@Poppositions, Brussels / EKKM’s E-residency #1: Residency & Non-residency



EKKM’s E-residency #1: Residency & Non-residency is an infrastructural project by the Contemporary Art Museum of Estonia (EKKM) in collaboration with French-Estonian artist Eléonore de Montesquiou for POPPOSITIONS off-fair 2018, In Watermelon Sugar.

Being an already established national buzzword, “e-Residency” as a governmental project has become to symbolise Estonia’s aim in creating a “new digital nation”, by providing digital citizenship and access to its digital services for all interested parties. As the slogan goes: “E-Residency is a new digital nation for global citizens, powered by the Republic of Estonia.” As the e-Residency is not legally a citizenship, a digital nation of non-residents is in the making.

EKKM’s E-residency plays on this twofold notion of residency by creating a digital artist residency and inviting an artist for an intensive 5-day digital commitment. Being also conceived as a performative project, the E-residency unfolds as a working relationship between the institution and the artist during the opening hours of POPPOSITIONS. The content of this project does not only rely on the artist and the works presented, but also on the (infra)structure provided for, as well as the content generated during the residency. On display, as far as this word can be used, are not only works but also the work.

The setting of the residency format is edition-specific, with the #1 deriving from the films of de Montesquiou and being based on the conjugal space of Harku Detention Centre, the only immigration detention centre in Estonia. The content of the residency evolves around the conditions of the detainees (violations of human rights, denied Internet access and essential privacy, etc), while juxtaposing it with the framework of the national e-Residency programme, i.e. contrasting the situations of both of these de jure non-residents.
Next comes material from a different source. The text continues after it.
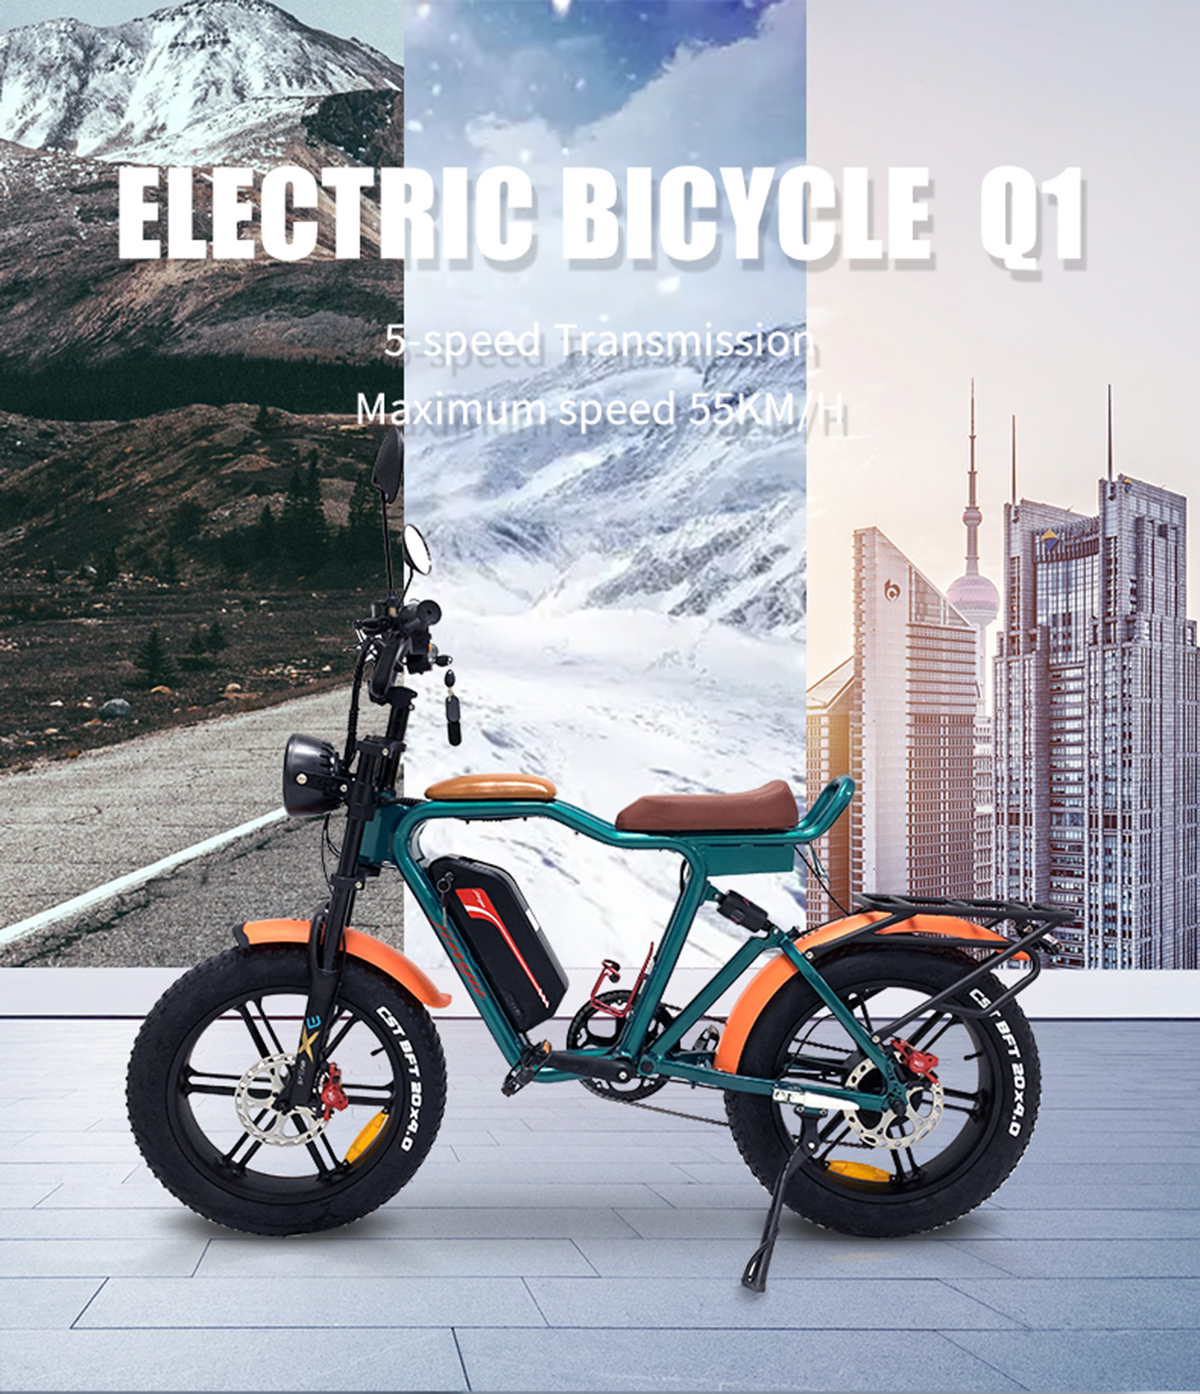 Bicicleta eléctrica Cyclemix Q1 1000W 48V 22Ah 55Kmh batería de litio externa Detalles de bicicleta eléctrica1
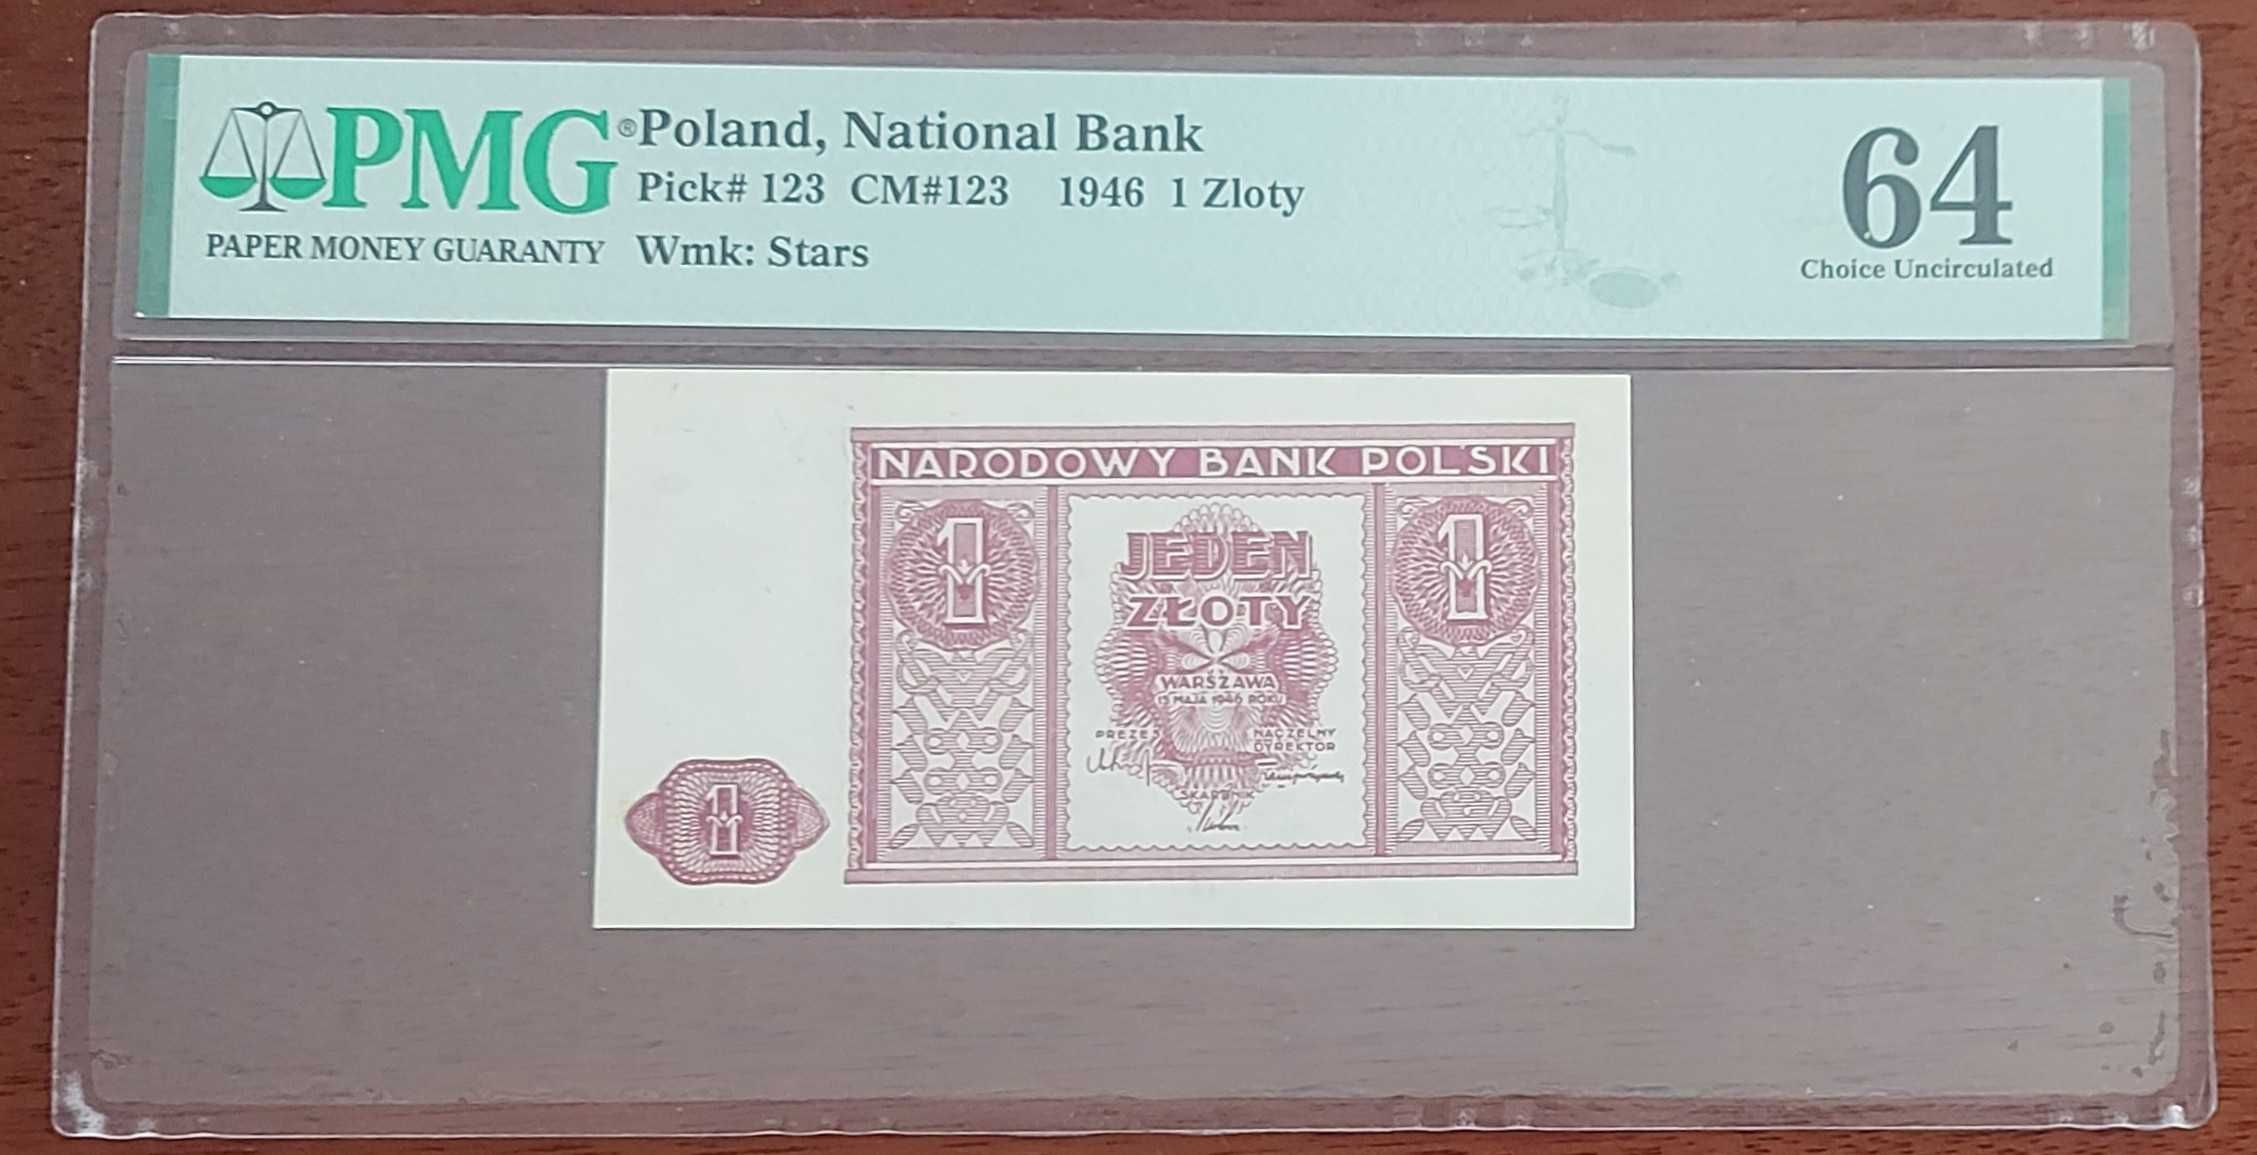 Banknot 1 złoty emisja z 1946 roku

What happens when and while we lose or put aside our physicality? 

What happens when physicality is all that remains? 

In what way (if at all) is the host accountable for its non-residents and how drastically can it differ within one “nation”? 

Does the suggested format of EKKM’s E-residency differ in any way from the already established precarious as well as mobile working conditions of artists and what might be the importance of physical presence after all? 

During the fair’s visiting hours one can also see the traces of Eléonore de Montesquiou’s immaterial residency here.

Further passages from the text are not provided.